Canada entered World War II earlier than the United States did, and began confiscating Japanese Canadian property early on. It is now known that this happened even though the Canadian military and police force felt no threat of the Japanese invasion.
After the attack on Pearl Harbor, internment policies were ramped up even faster. All Japanese Canadians were labeled "enemy aliens" and stripped of their rights as citizens. In 1942 the federal government gave the Canadian Minister of Justice the right to remove all Japanese Canadians from their homes. How angry are you getting just reading this? We're getting steamed.
It's important to remember that internment in Canada was very different from internment in the United States. Aunt Emily teaches us:
The American Japanese were interned as we were in Canada, and sent off to concentration camps, but their property wasn't liquidated as ours was. And look how quickly the communities reestablished themselves in Los Angeles and San Francisco. We weren't allowed to return to the West Coast like that. We've never recovered from the dispersal policy. (7.25)
So while the effects of US internment was still hideous, the Japanese American community recovered much more quickly than the Japanese Canadian community did.
Hasting's Park Prison
Most Canadians were not aware of the conditions in the internment camps. Hastings Park prison, where Naomi's grandmother is kept, is one of the most notorious. While all of the camps were in bad condition, this camp repurposed livestock stables to house thousands of people. This was not a good (or humane) idea.
Aunt Emily describes the conditions:
The other day at the Pool, a visitor dropped his key before a stall in the Livestock Building, and he fished for it with a wire and brought to light manure and maggots. He called the nurse and then they moved all the bunks from the stalls and pried up the wooden floors, and it was the most stomach-turning nauseating thing. (14.108)

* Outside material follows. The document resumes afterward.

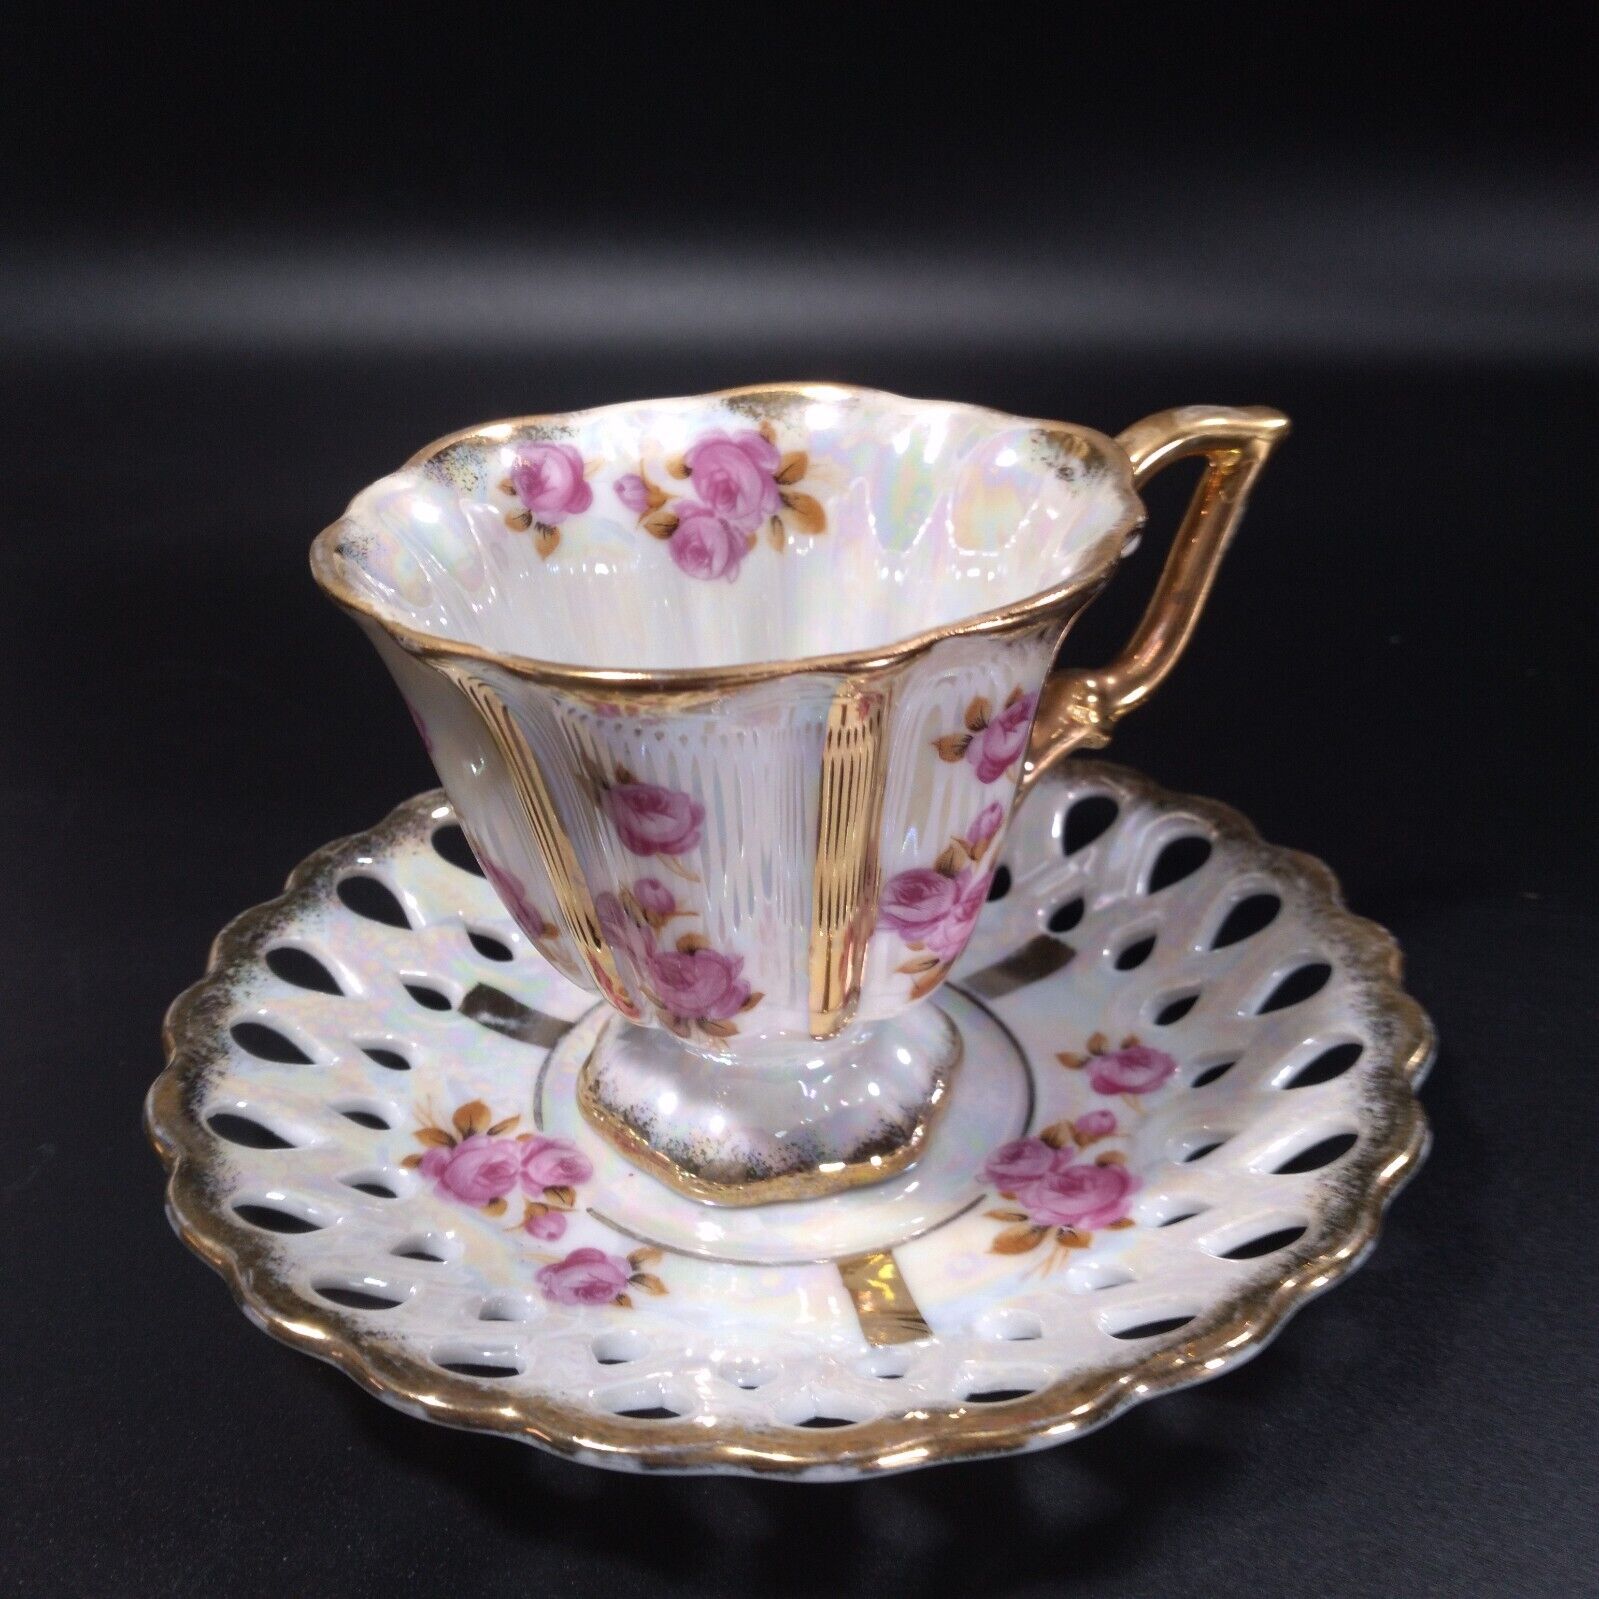 Royal Sealy Bone China Footed Cup Pierced Saucer Iridescent Pink Roses Gold Trim

Imagine not being able to drop anything on the floor because it would be covered in maggots. It's easy to see why the Red Cross thought the condition was so bad in the camps that they needed to send aid. They needed all the help they could get.
Slocan, British Colombia
In addition to camps like Hastings Park prison, many Japanese were sent to internment camps in gold-mining ghost towns. Slocan was a vibrant city when gold prospectors lived there, but it had fallen into disrepair by the time Naomi's family moves in. It's a serious downgrade from her beautiful house in Vancouver.
However the Japanese community tries to make the best of it. Since Slocan is in a rural area, Naomi gets to experience nature. She says: "Slocan greening in spring is vulnerable as birth, the bright yellow-green turning steadily deeper into shades of blue" (19.4). That sounds downright pretty to us. It's better than sleeping in maggoty stables, at least.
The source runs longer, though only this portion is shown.